NEW YORK -- A man with one million Twitter followers (twice as many as New York’s mayor), 119 Wikipedia footnotes and two Olympic gold medals went unrecognized in the Big Apple this week. Perhaps unsurprisingly so.
One group of New Yorkers made him feel welcome though. Mo Farah‘s grand arrival before Sunday’s NYC Half marathon came at P.S. 1 in lower Manhattan on Thursday.
Farah, the British distance great, the first man ever to sweep the 5,000m and 10,000m at the Olympics and World Championships in back-to-back years, jogged with about 50 elementary school students inside a gymnasium.
He’s not in London anymore. Heck, he’s not even in Portland, Ore., his training base in a state where so many U.S. runners are groomed.
At P.S. 1, Farah held a question-and-answer session with the kids. He spoke of smart choices, finding one’s talents and the epic 2000 Olympic 10,000m final between Ethiopian Haile Gebrselassie and Kenyan Paul Tergat.
He then sat a table in the middle of the gym, dressed in Nike from head to toe (including a Mobot logo) and in front of posters the kids made for the occasion.
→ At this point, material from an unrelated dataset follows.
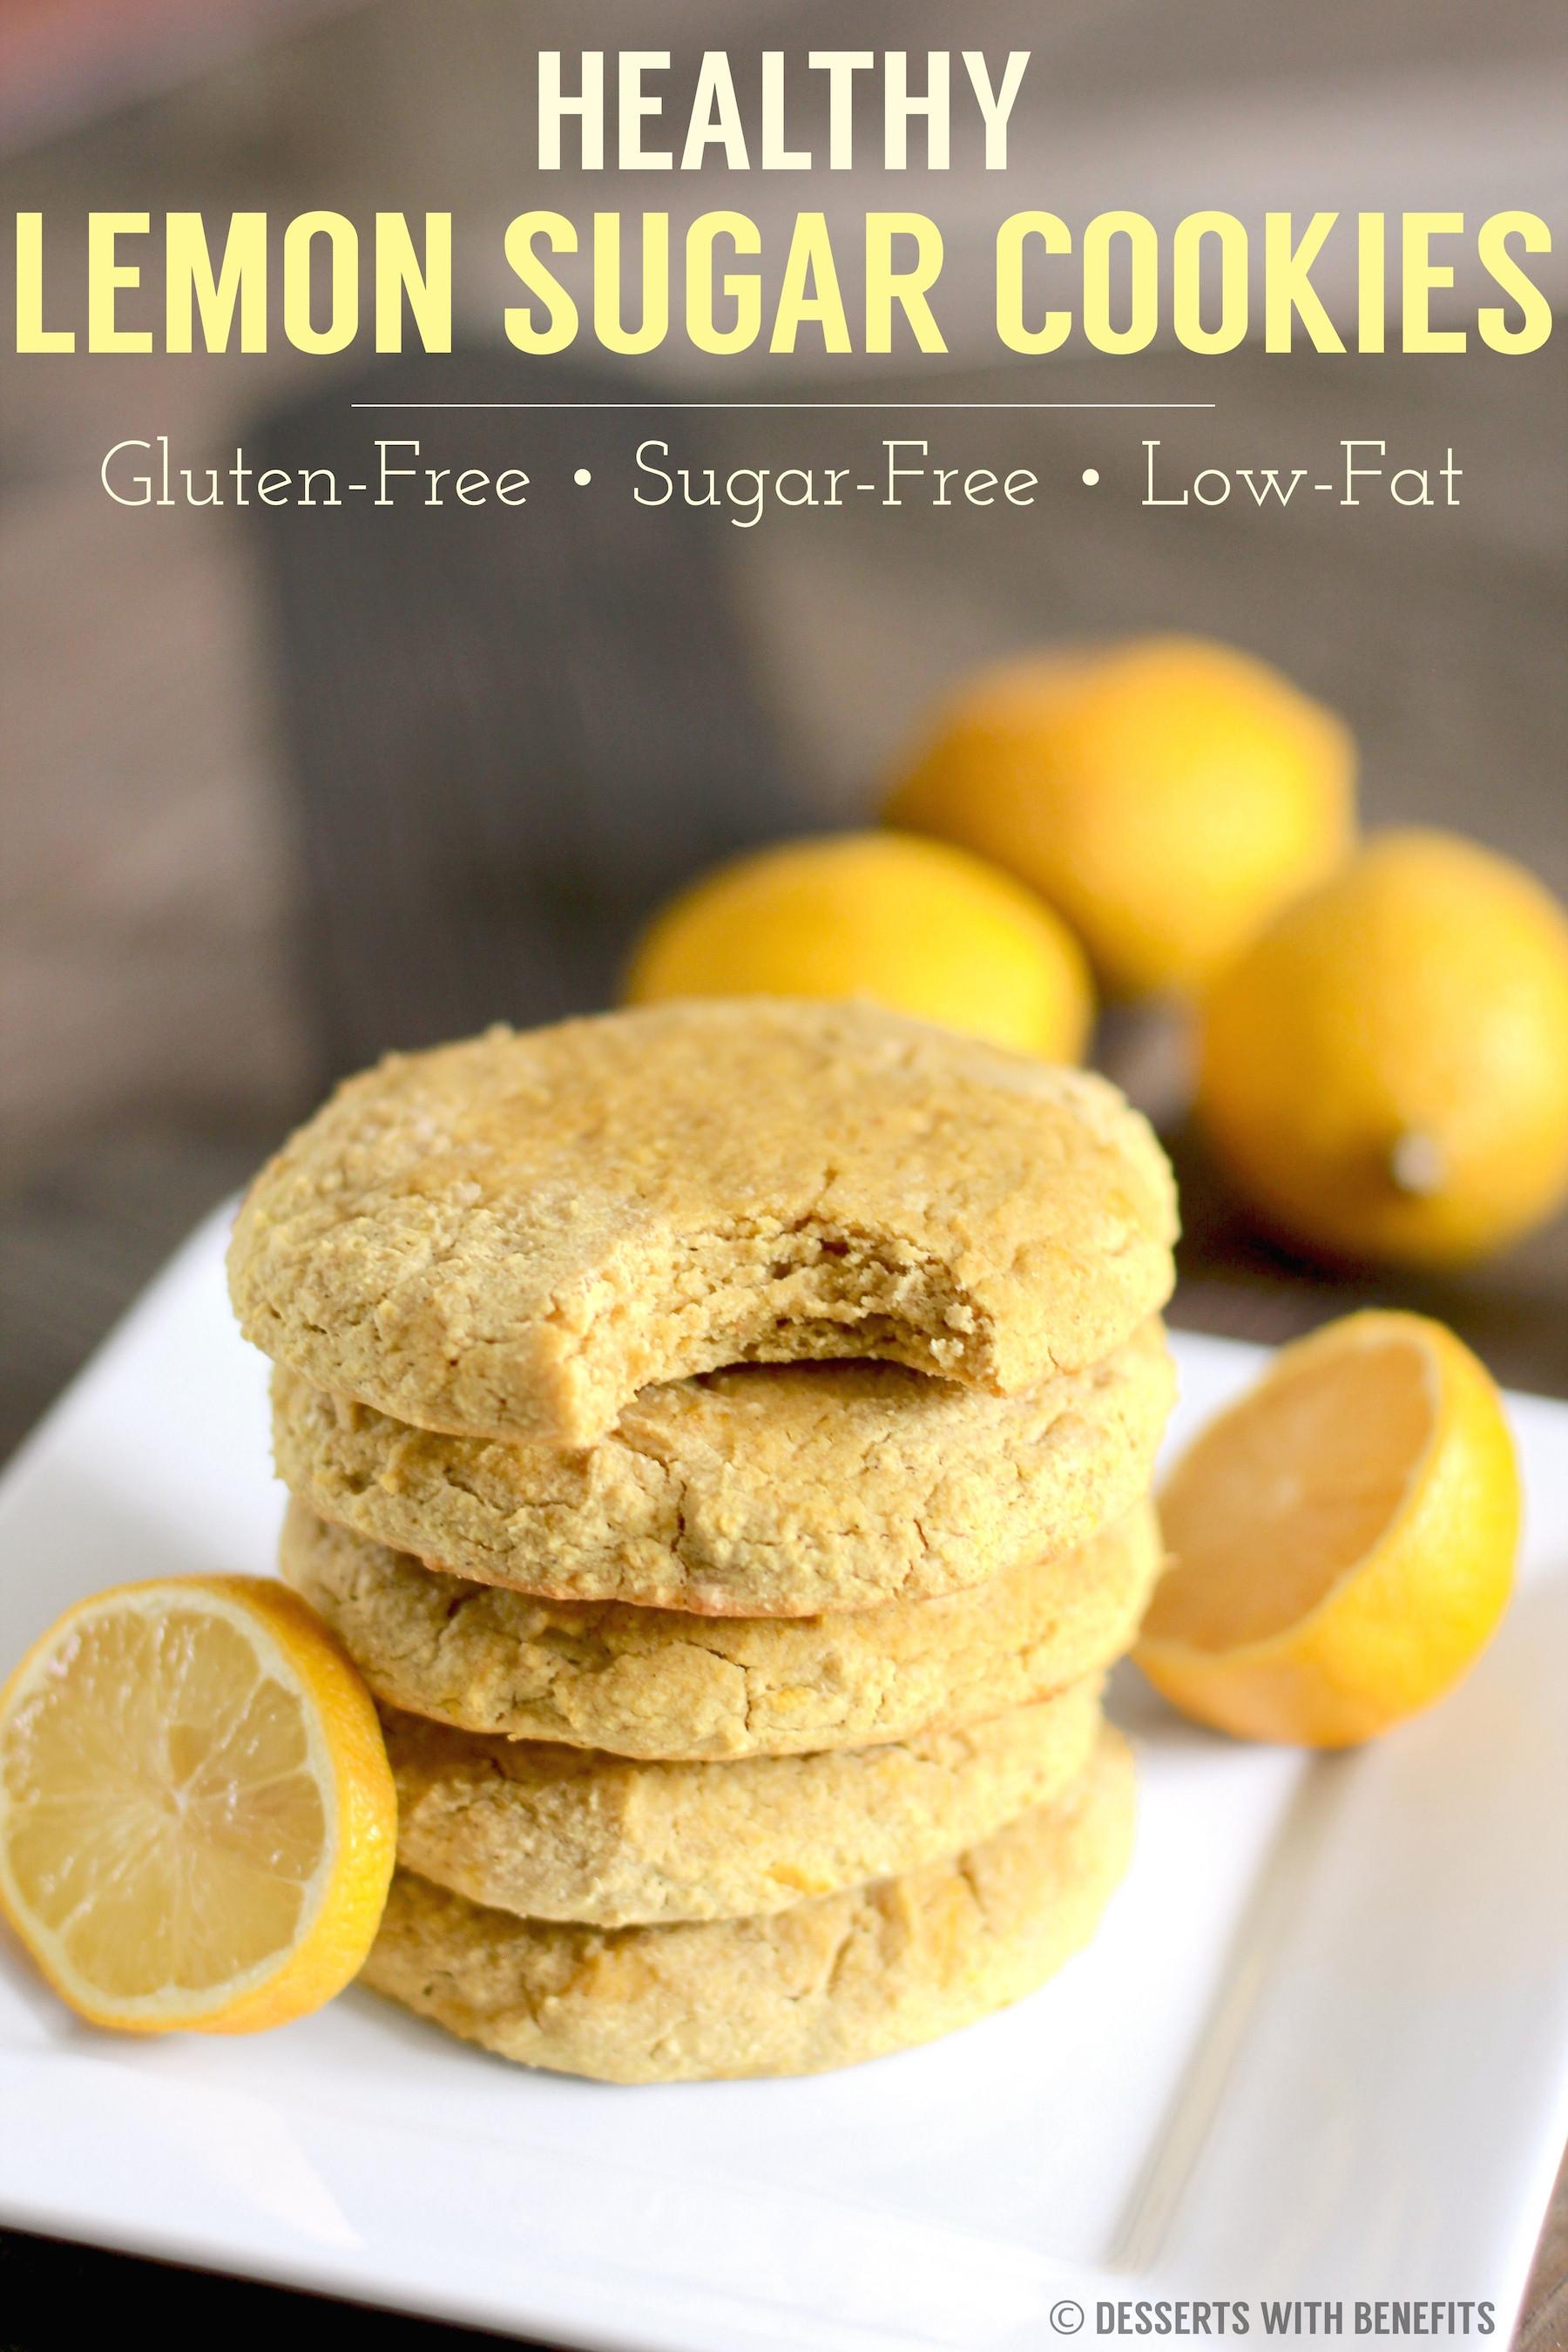 Healthy Gluten Free Cookie Recipes  Healthy Gluten Free Lemon Sugar Cookies Recipe

Farah answered questions from a few reporters in a row of chairs as the kids, sitting on the gym floor, looked on with varying attention spans.
What’s it like being in New York with your family?
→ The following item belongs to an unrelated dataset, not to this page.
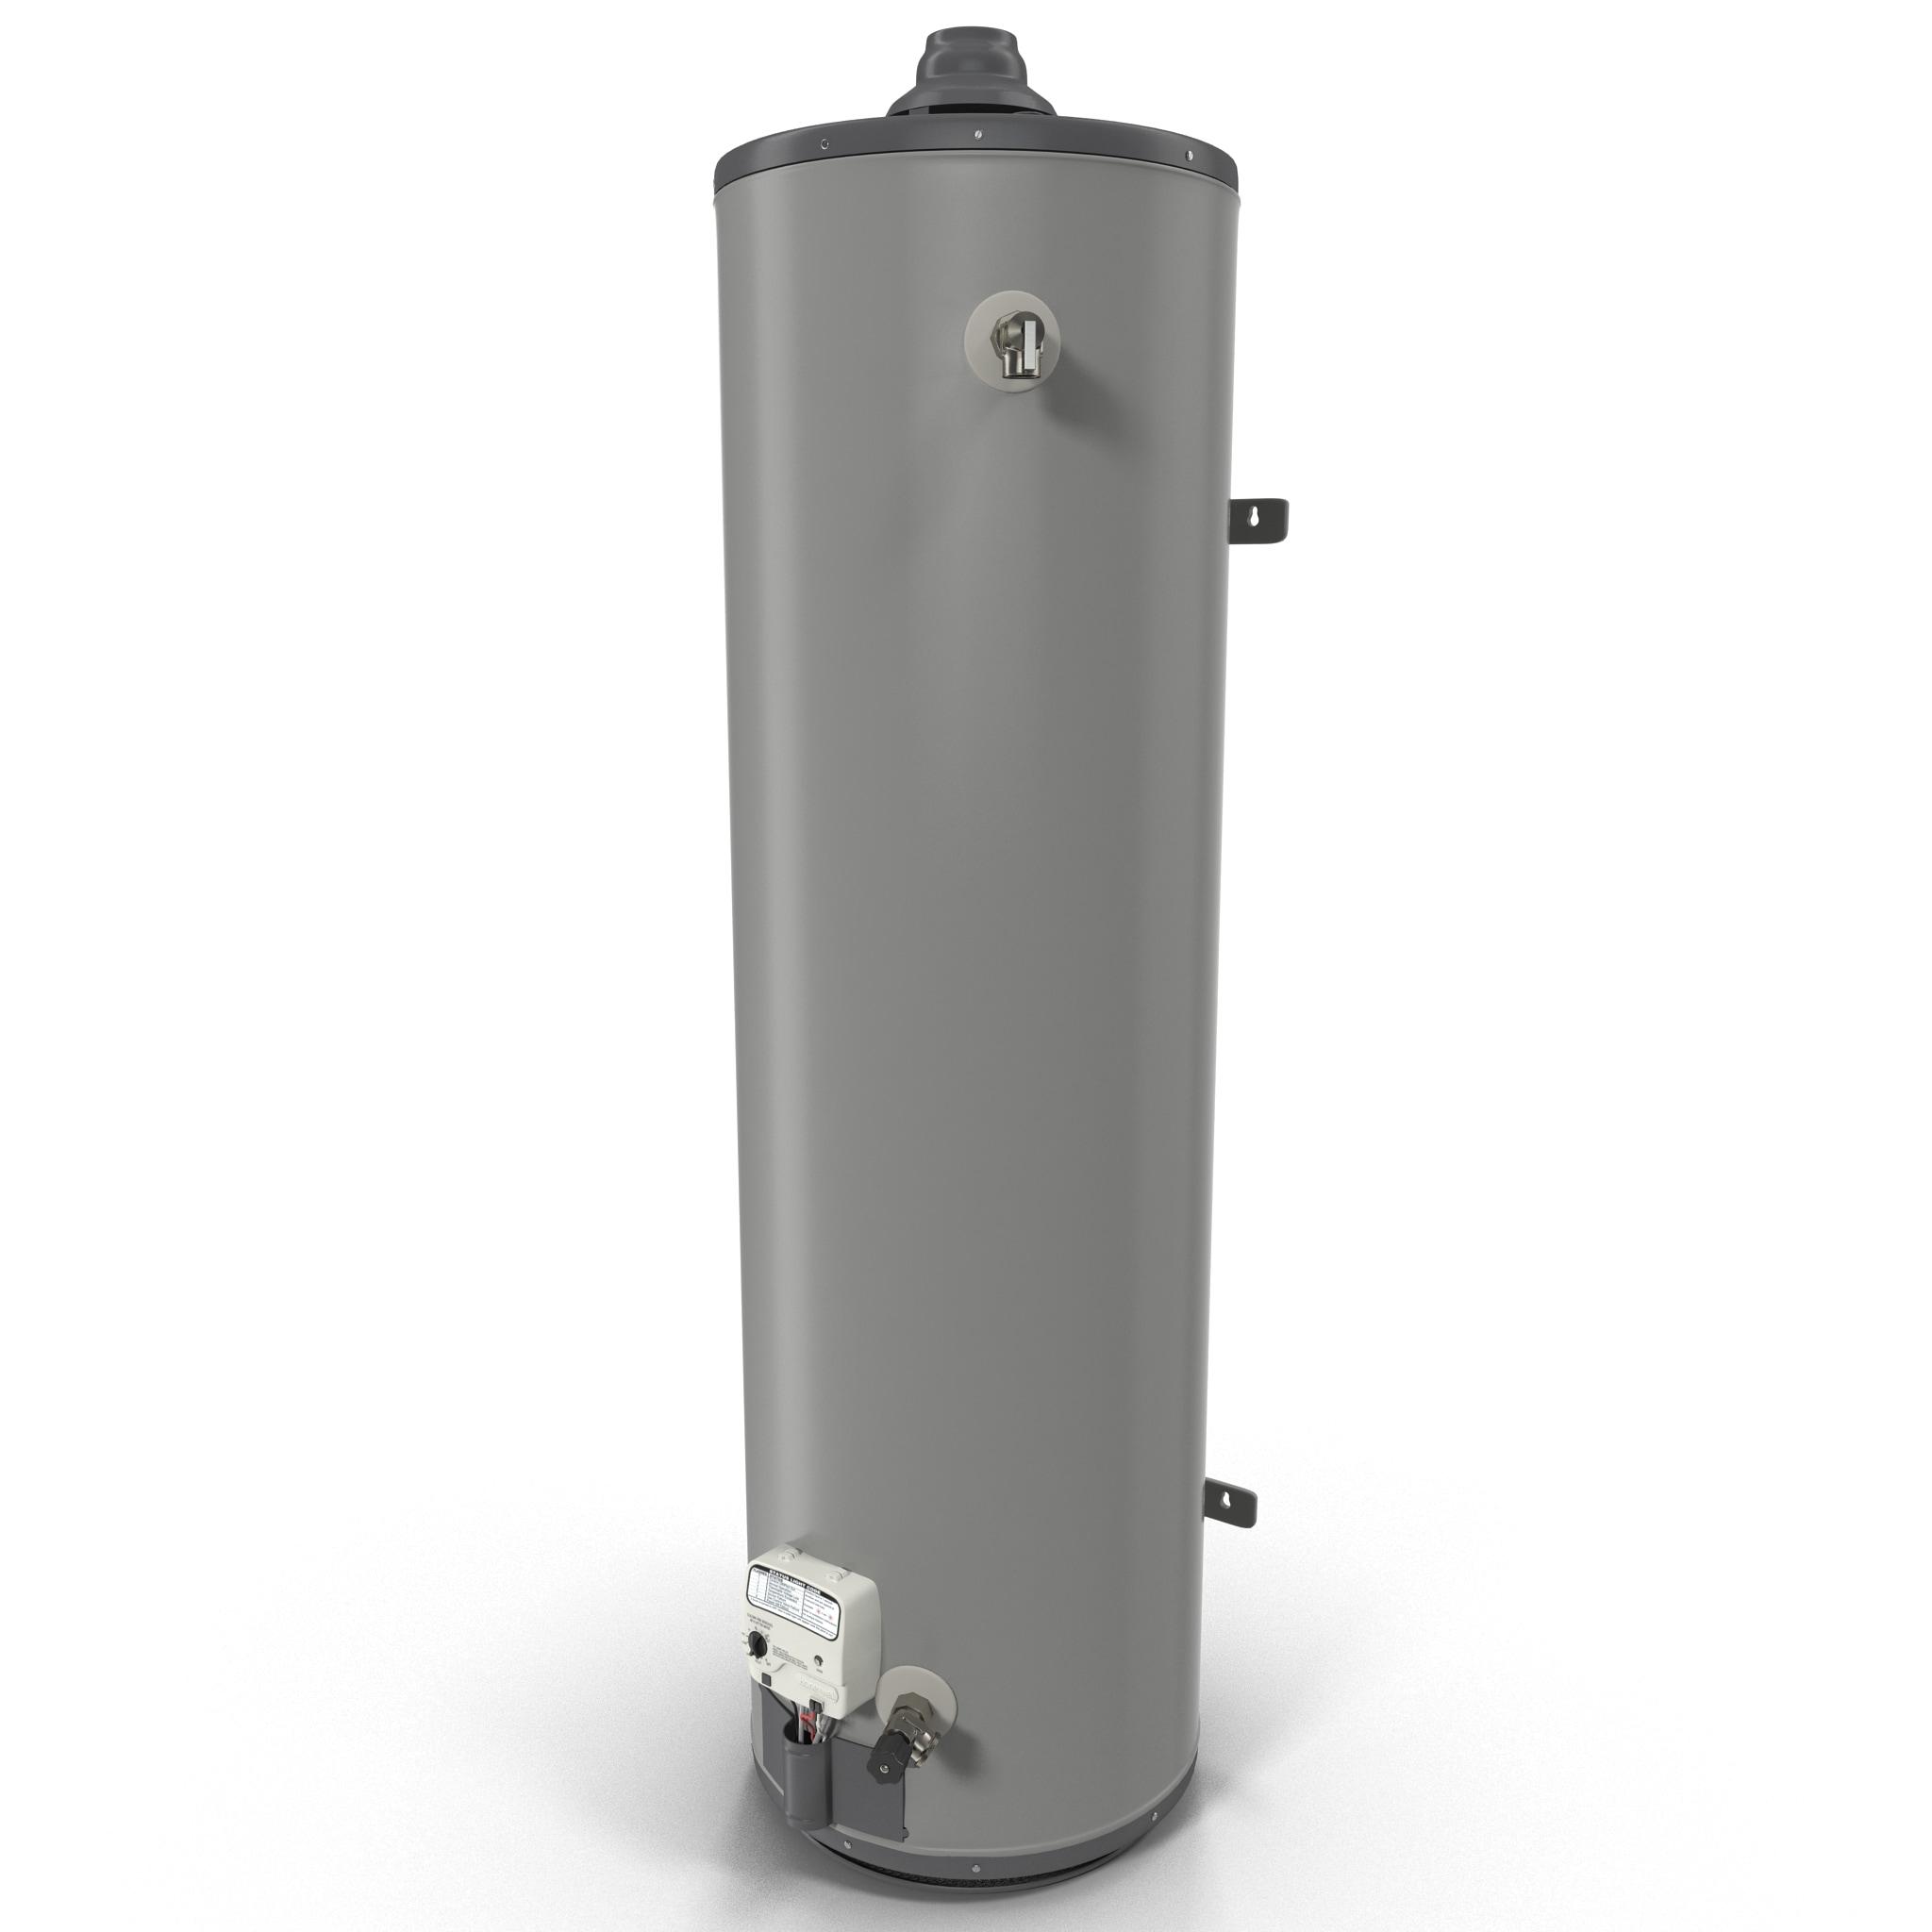 000_Hot_Water_Heater.jpg

“I can chill out,” said Farah, who could have been referencing the city’s sub-freezing, never-ending winter. “We can go to restaurants, we can push the kids, take some photos, Times Square, relax. Nobody recognizes you. If that was Piccadilly Circus in London, Leicester Square, I don’t think I could have done that.”
It’s a different experience for Farah, even from his previous visit for the 2011 NYC Half, which he won.
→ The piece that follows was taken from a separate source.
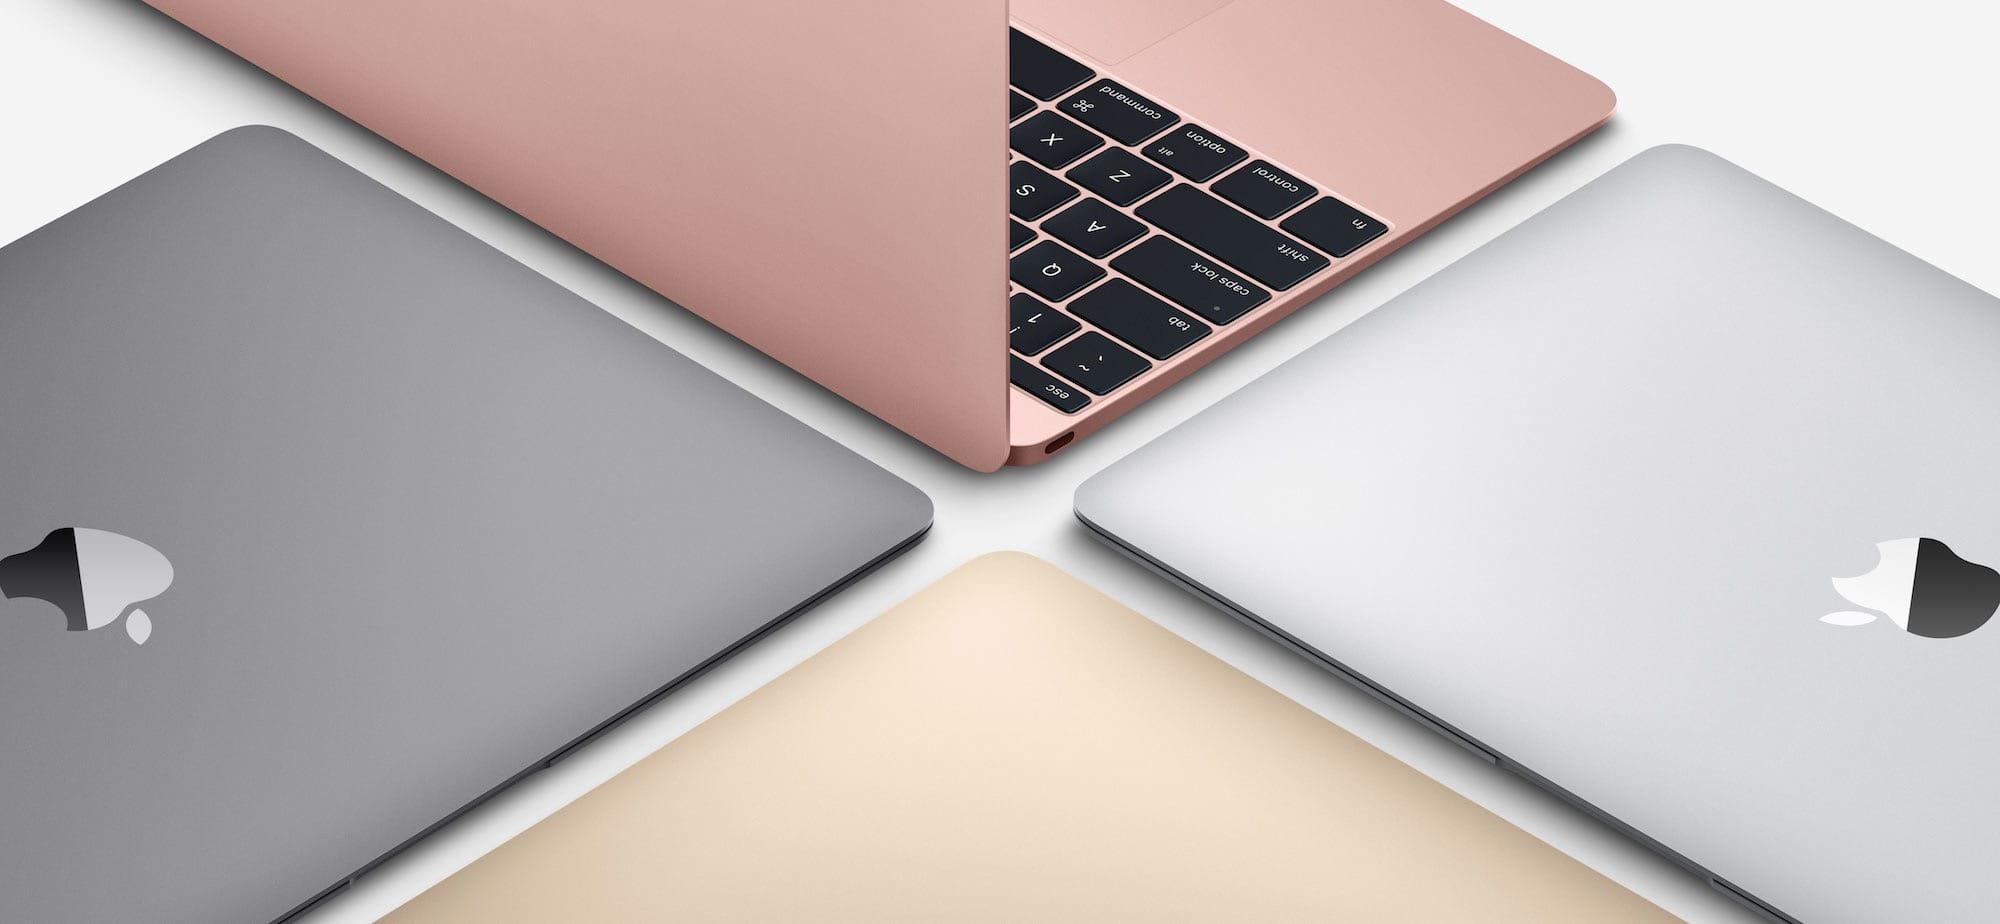 MacBook-early-2016-01-hero

That victory was before he became double Olympic champion in London in 2012, repeated the feat at the 2013 World Championships and switched to marathon training this year.
Farah’s track-to-road conversion is set to be the biggest storyline in the sport before Usain Bolt and Co. herald the outdoor track season later this spring. Can the world’s greatest distance runner convert to a race four times longer than the 10,000m?
The NYC Half is a step toward Farah’s 26.2-mile debut at the London Marathon on April 13.
“From running 5K/10K to going to a marathon is completely different,” Farah said. “I"m here, on the weekend, to test myself.”
Farah, 30, trained the last two months in Kenya, home of six of the seven fastest marathoners of all time.
The training has been hard, but it’s gone well, Farah said. He’s worked not only on getting comfortable at a proper pace but also making sure he doesn’t miss drink stations -- as he did in running half of last year’s London Marathon -- and getting used to the specific drink he will take. Farah wouldn’t reveal its ingredients.
“When you’ve never done a marathon before, you don’t know what it’s like,” Farah said. “I don’t know what to expect.
“Am I going to be good at marathons as I was good at track? I guess we’re going to find out.”
What did he learn from training with Kenyans? That training is the hardest thing about marathon running. He’s also picked up a thing or two from his coach, the scrutinized, Havana-born Alberto Salazar. Salazar won the New York City Marathon three straight times from 1980-82.
“He’s been there, done it,” Farah said. “I believe in him. We are doing the right training. ... I’m confident.”
Farah will face an accomplished field over 13.1 miles on Sunday, including two-time reigning New York City Marathon winner Geoffrey Mutai (of Kenya) and top American Meb Keflezighi.
He will confer with Salazar after Sunday’s race and make adjustments -- small changes, if anything, he hopes -- over the next month before London. The London Marathon is one of six World Marathon Majors and hasn’t been won by a British man in 21 years.
What’s his future after the London Marathon?
Farah won’t say for sure, but he’s already committed to one post-marathon track meet, a Diamond League competition in Glasgow, Scotland, on July 11-12. The Commonwealth Games are also in Glasgow later in the summer, but Farah hasn’t decided on that yet.
“See if I’ve lost any speed, lost any strength in terms of the track,” Farah said of entering the Diamond League meet. “It would have been a whole year I had not been on the track.”
What’s bigger is 2015, a World Championships year, and 2016, an Olympic year. Could he stick to marathon running?
“If I’m good in London, then I’ll do it a couple more times,” Farah said, according to the BBC. “If not, I’ll come back to the track.”
He seemed confident he will return to a shorter distance to race Usain Bolt, a topic that’s been talked about since the London Olympics as a possible charity event.
“It will happen at some point soon,” Farah said, narrowing the distance to 500m or 600m. “I don’t know where it’s going to happen. Probably one of the big cities, but, yeah, it will hopefully happen some point.”